(Dataset content)

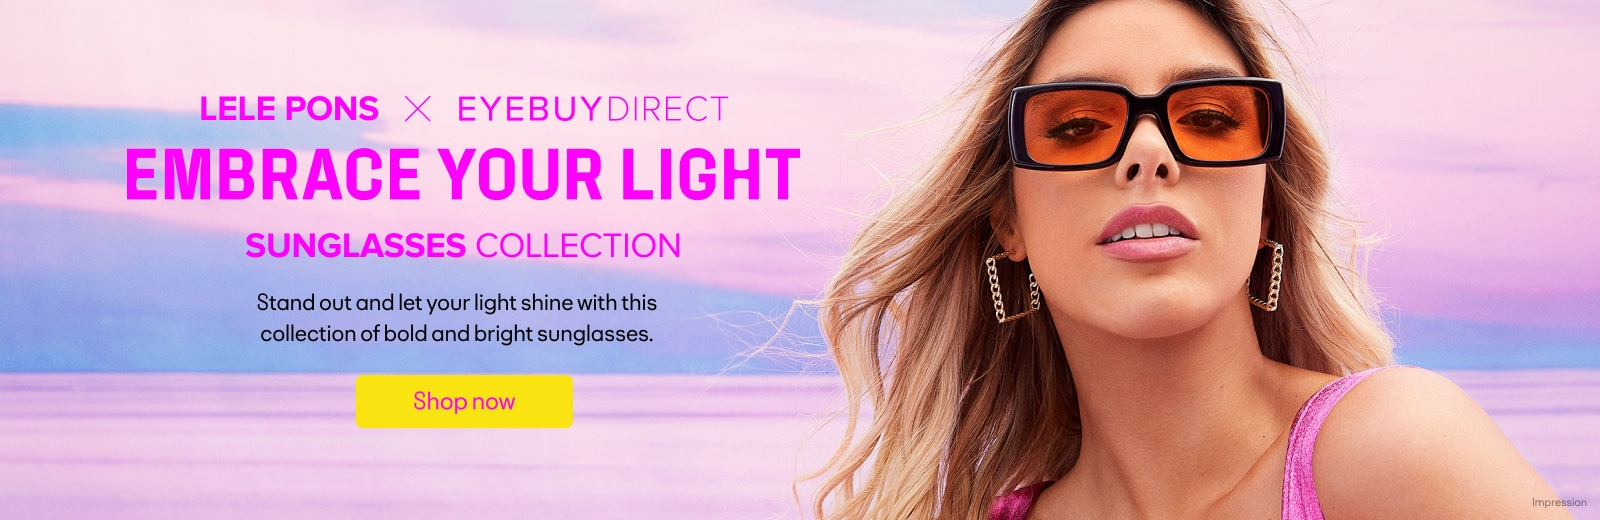 Lele Pons X Eyebuydirect Embrace your light sunglasses collection
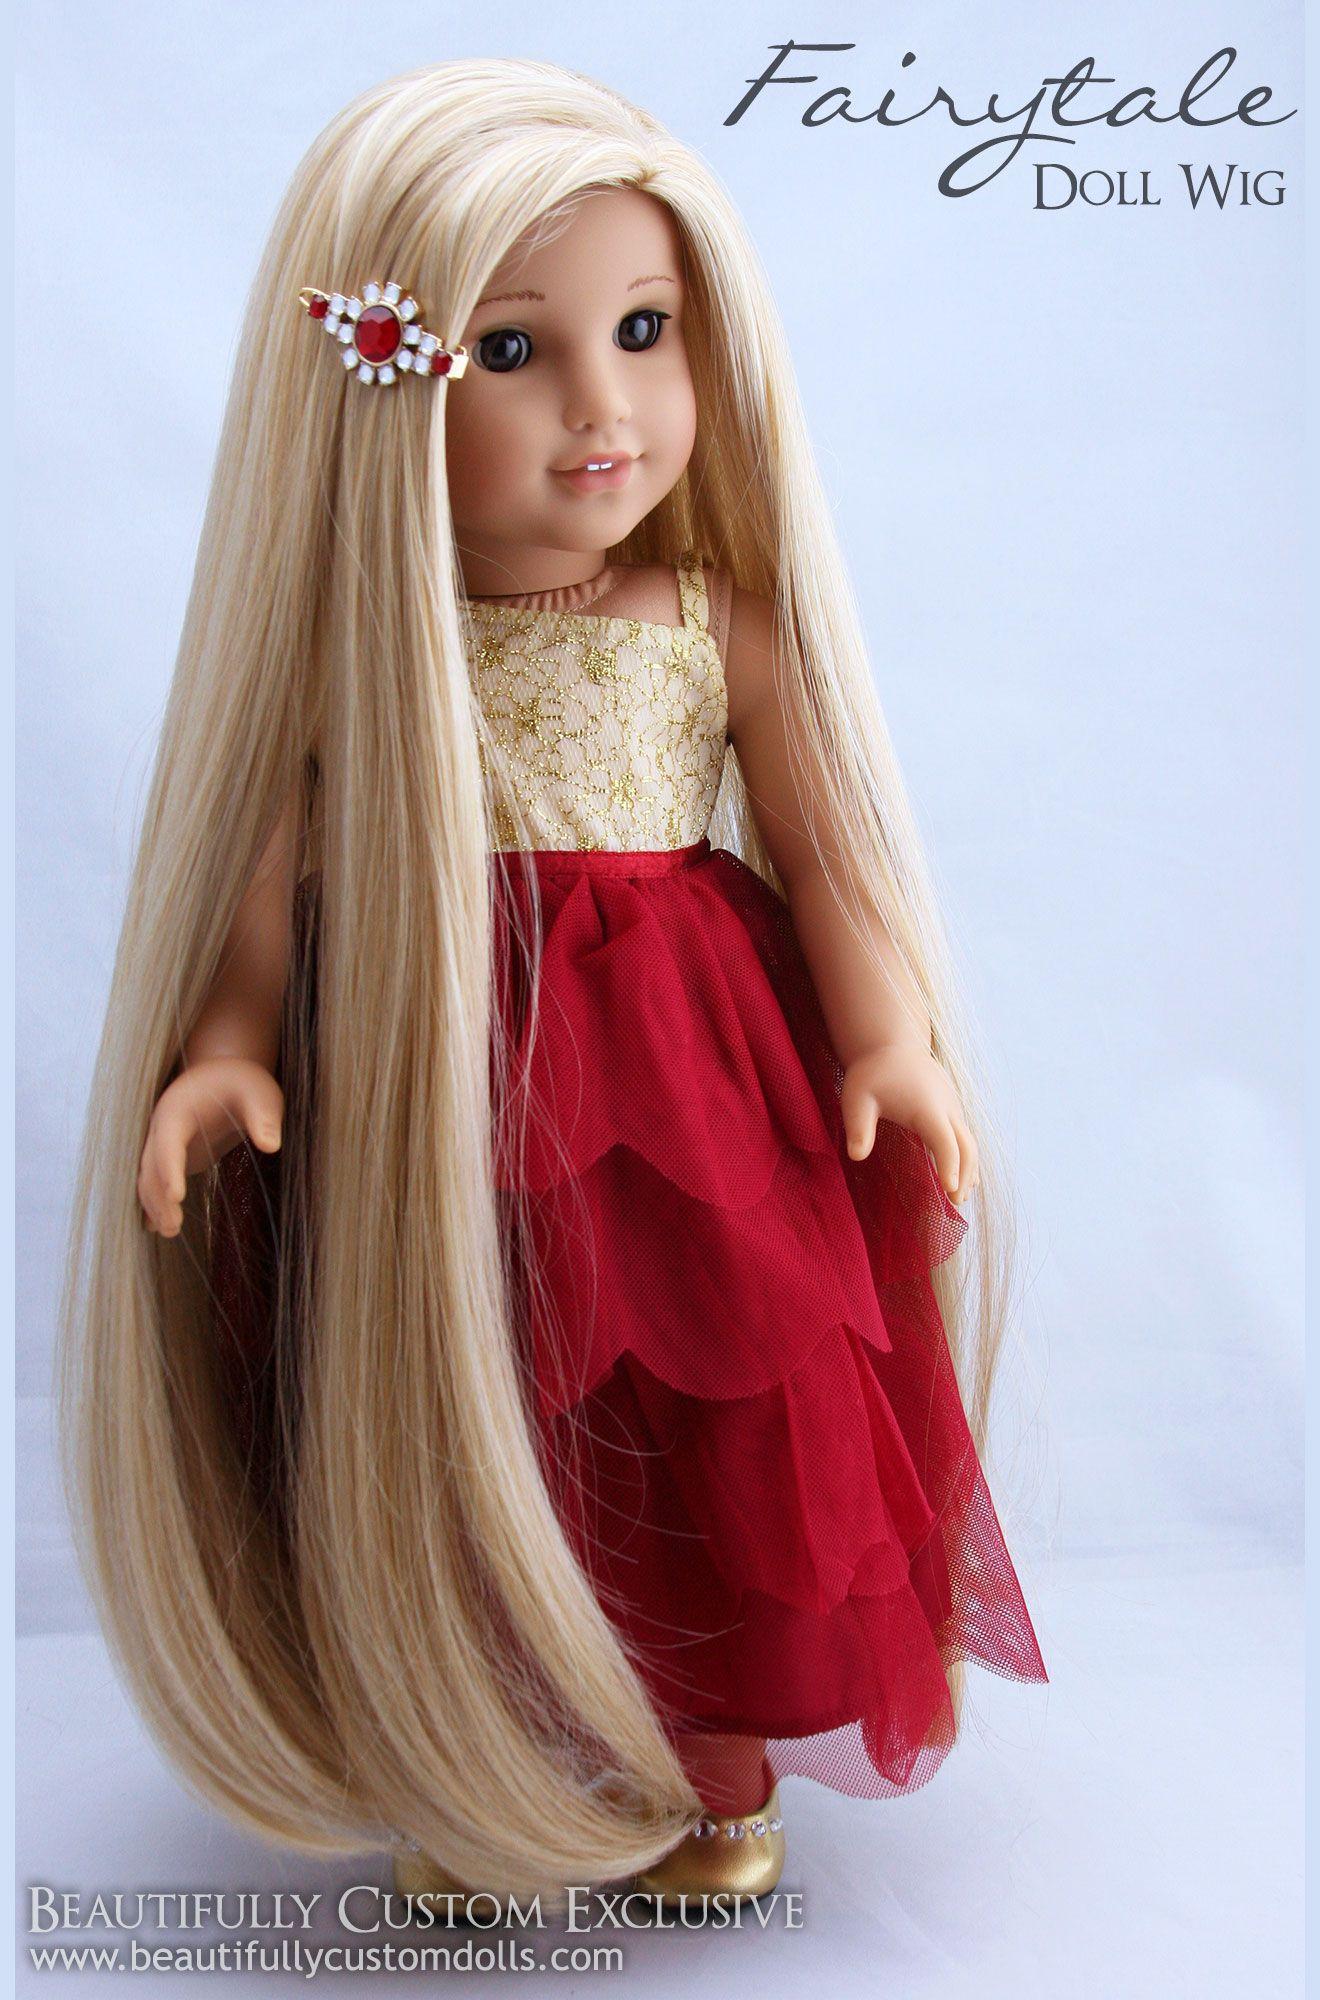 Fairytale Doll Wig for Custom American Girl Dolls in Sunrise Blonde
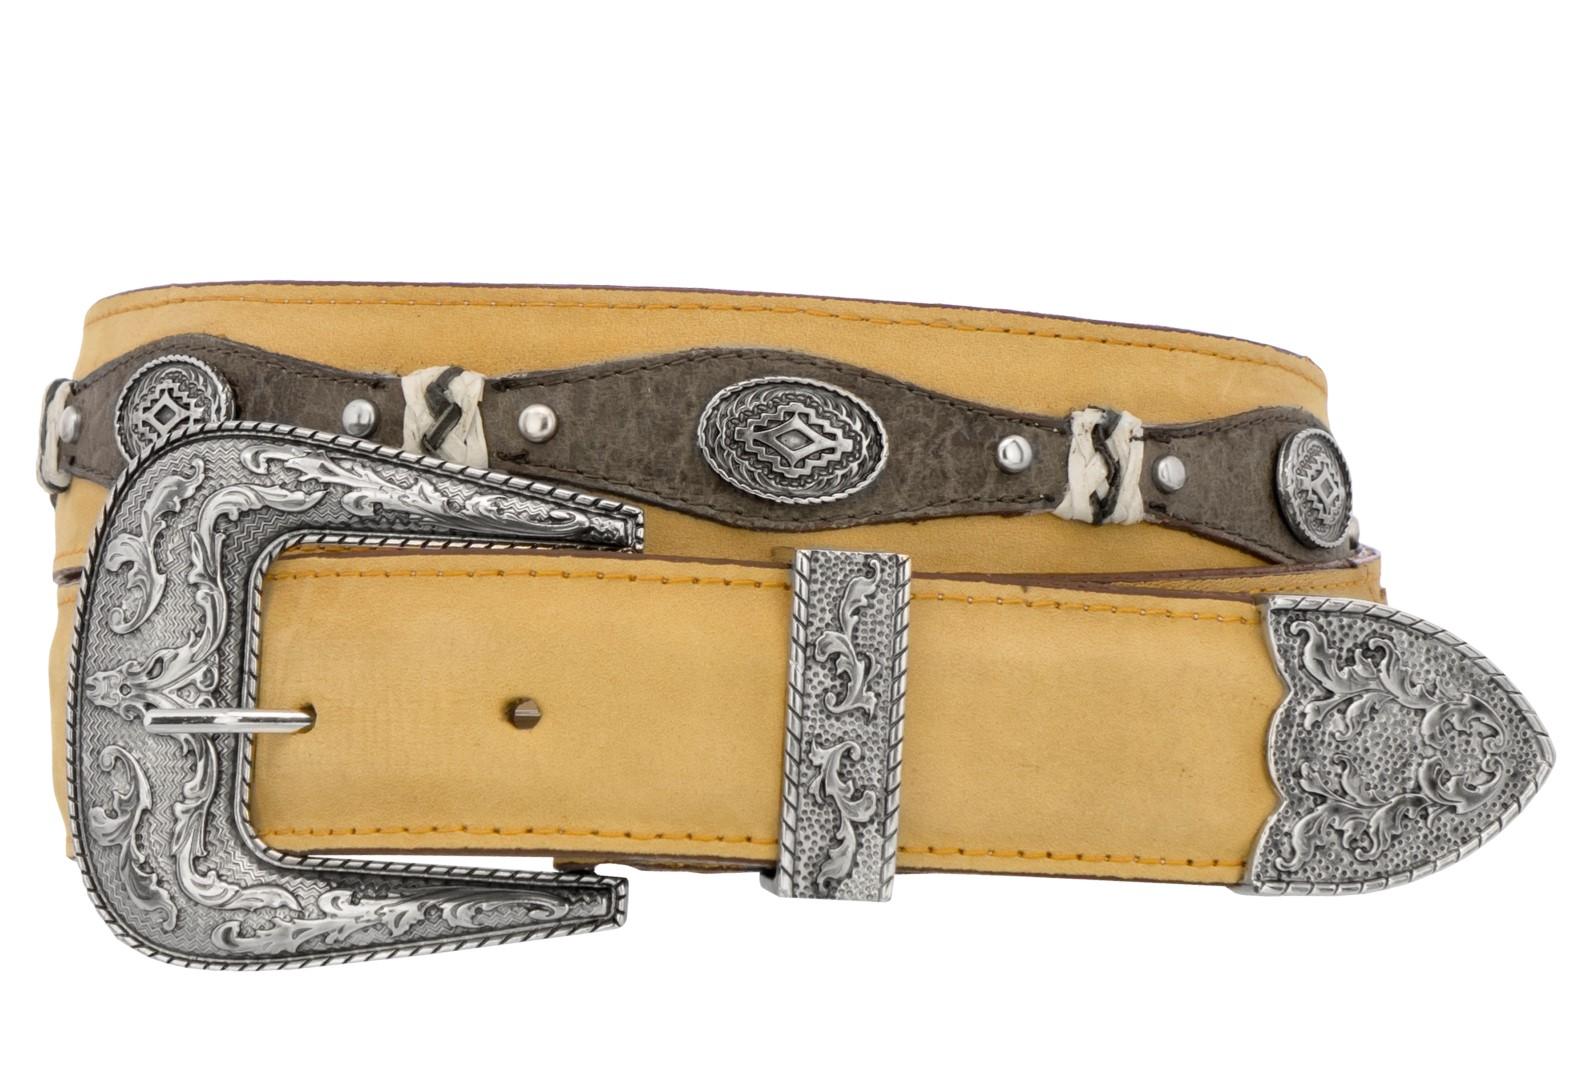 Mens-Concho-Western-Belt-Genuine-Leather-Cowboy-Silver-Studs-Buckle-Sand
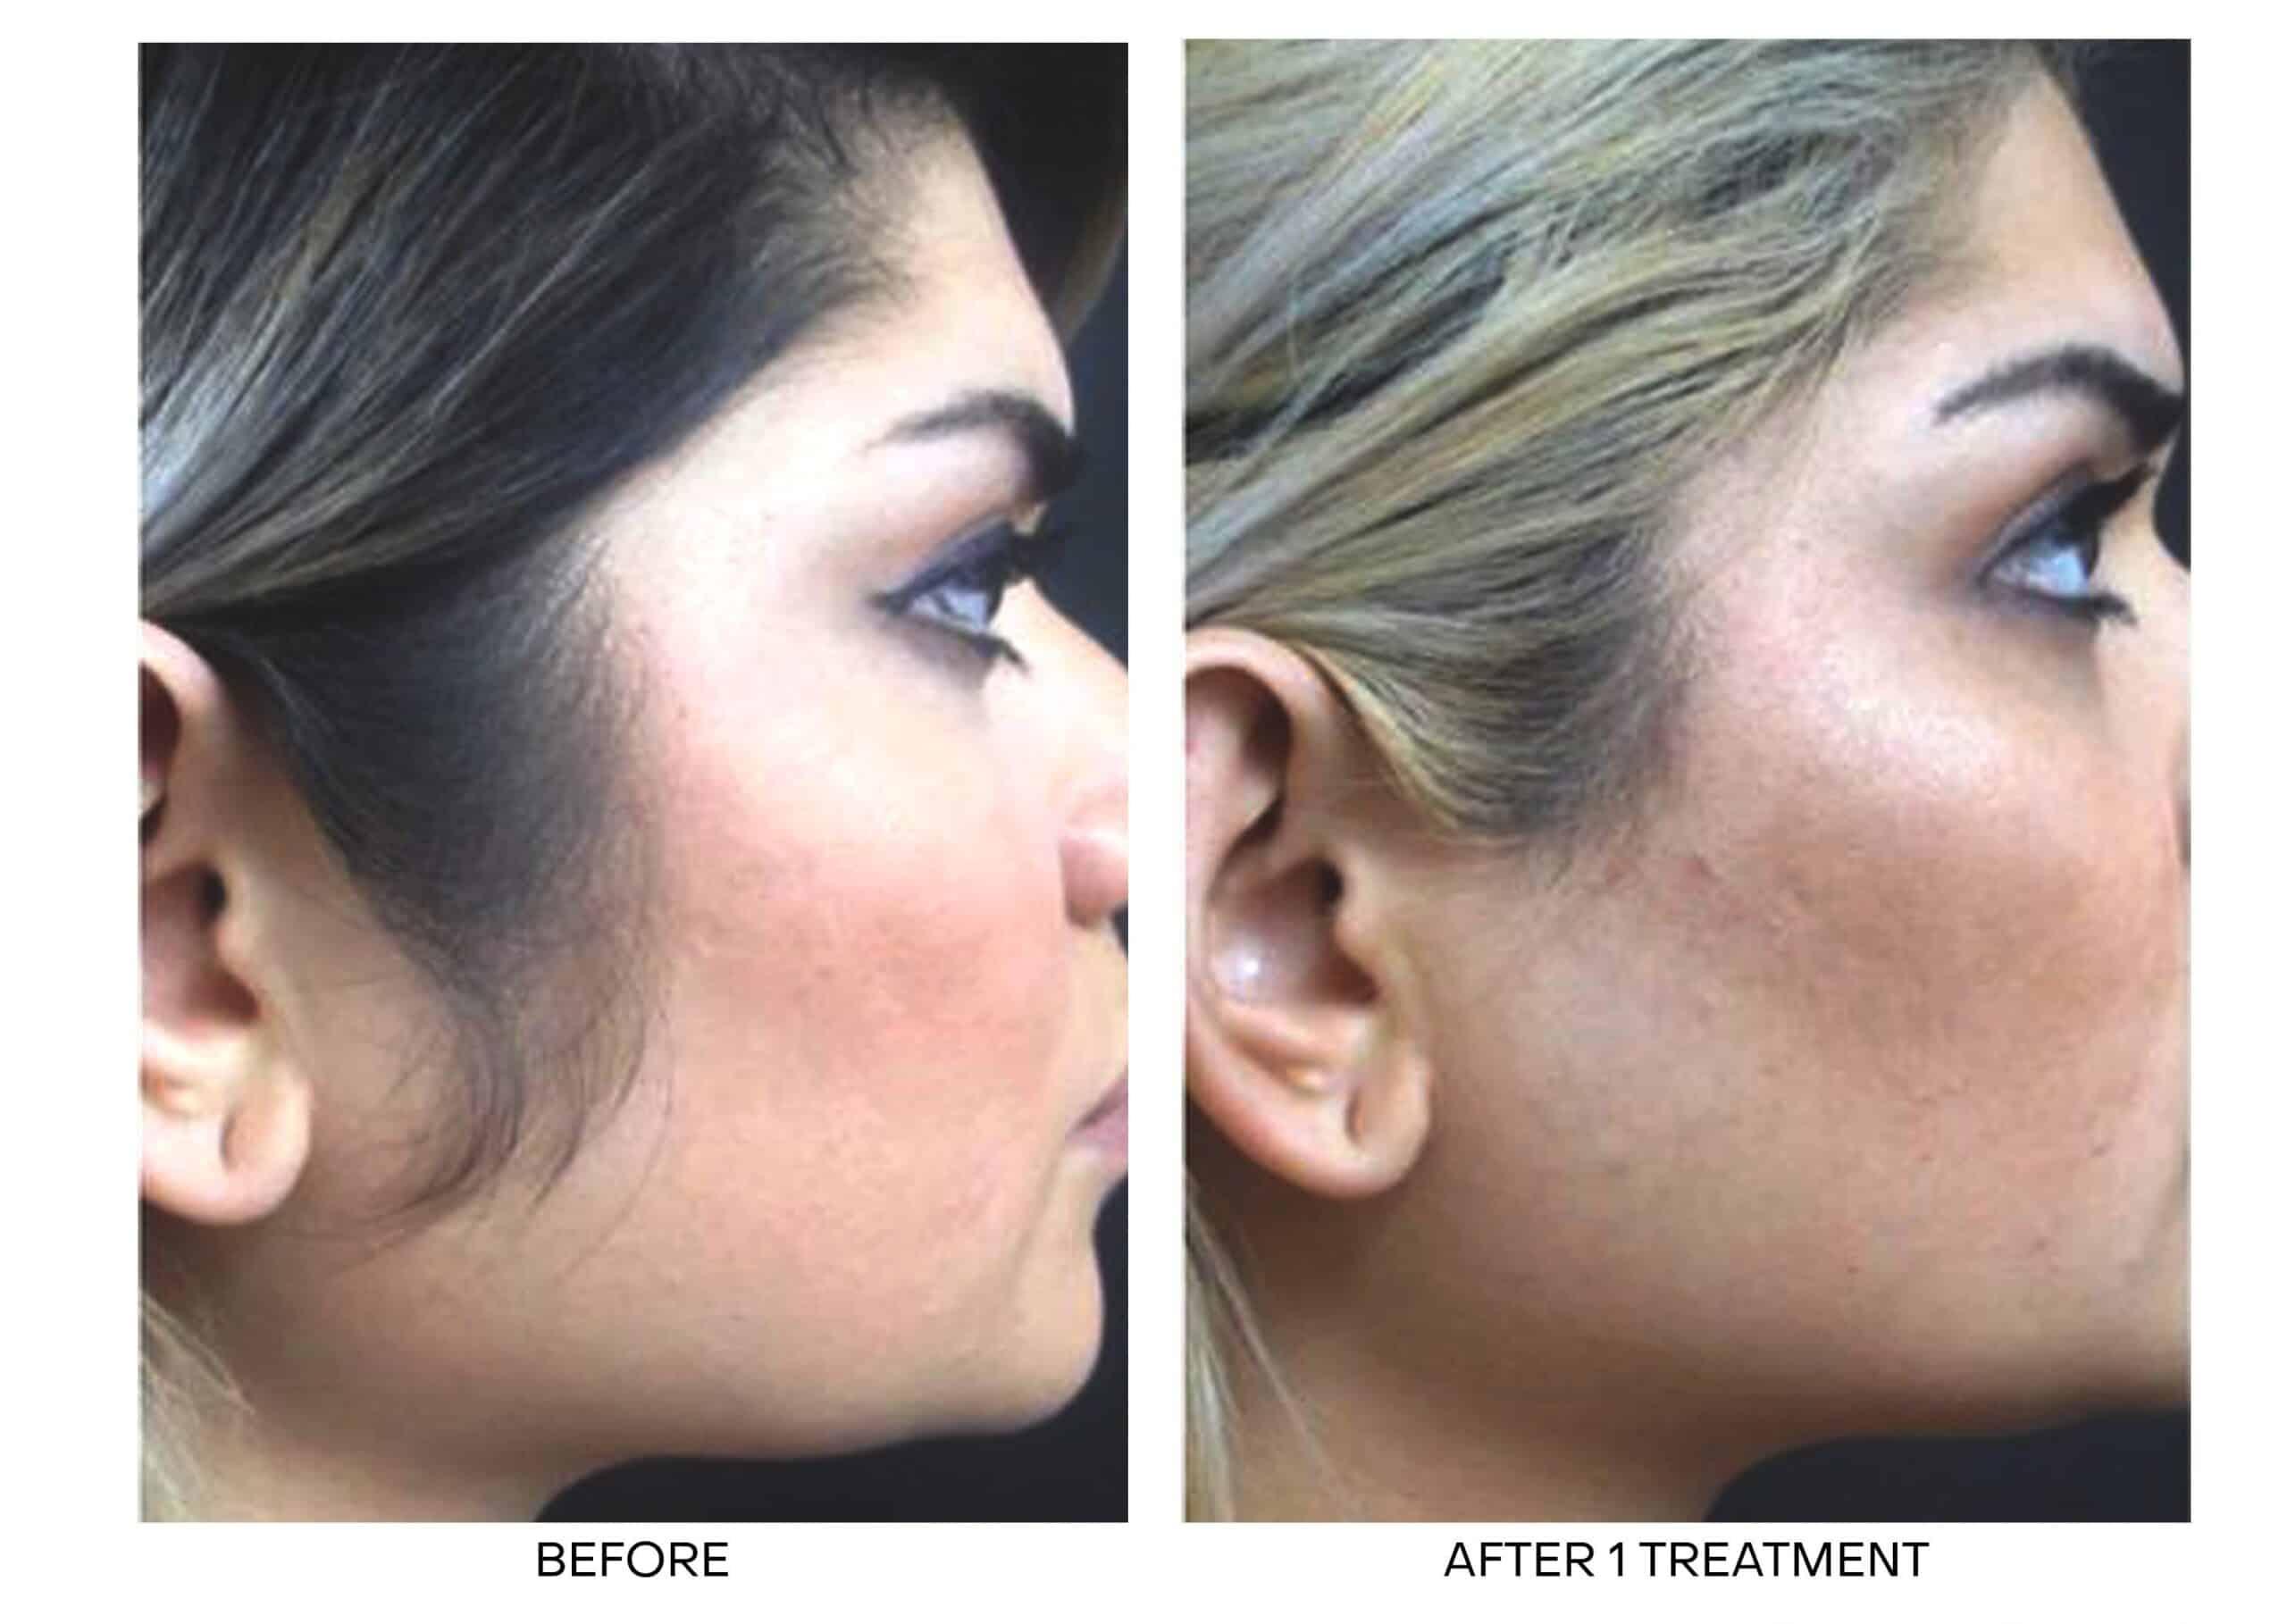 Laser Hair Removal for Sideburns

(End Dataset content)

Problem statement — Every line of the material must be returned exactly; leave the images out.

Expected output —
 Lele Pons X Eyebuydirect Embrace your light sunglasses collection
 Fairytale Doll Wig for Custom American Girl Dolls in Sunrise Blonde
 Mens-Concho-Western-Belt-Genuine-Leather-Cowboy-Silver-Studs-Buckle-Sand
 Laser Hair Removal for Sideburns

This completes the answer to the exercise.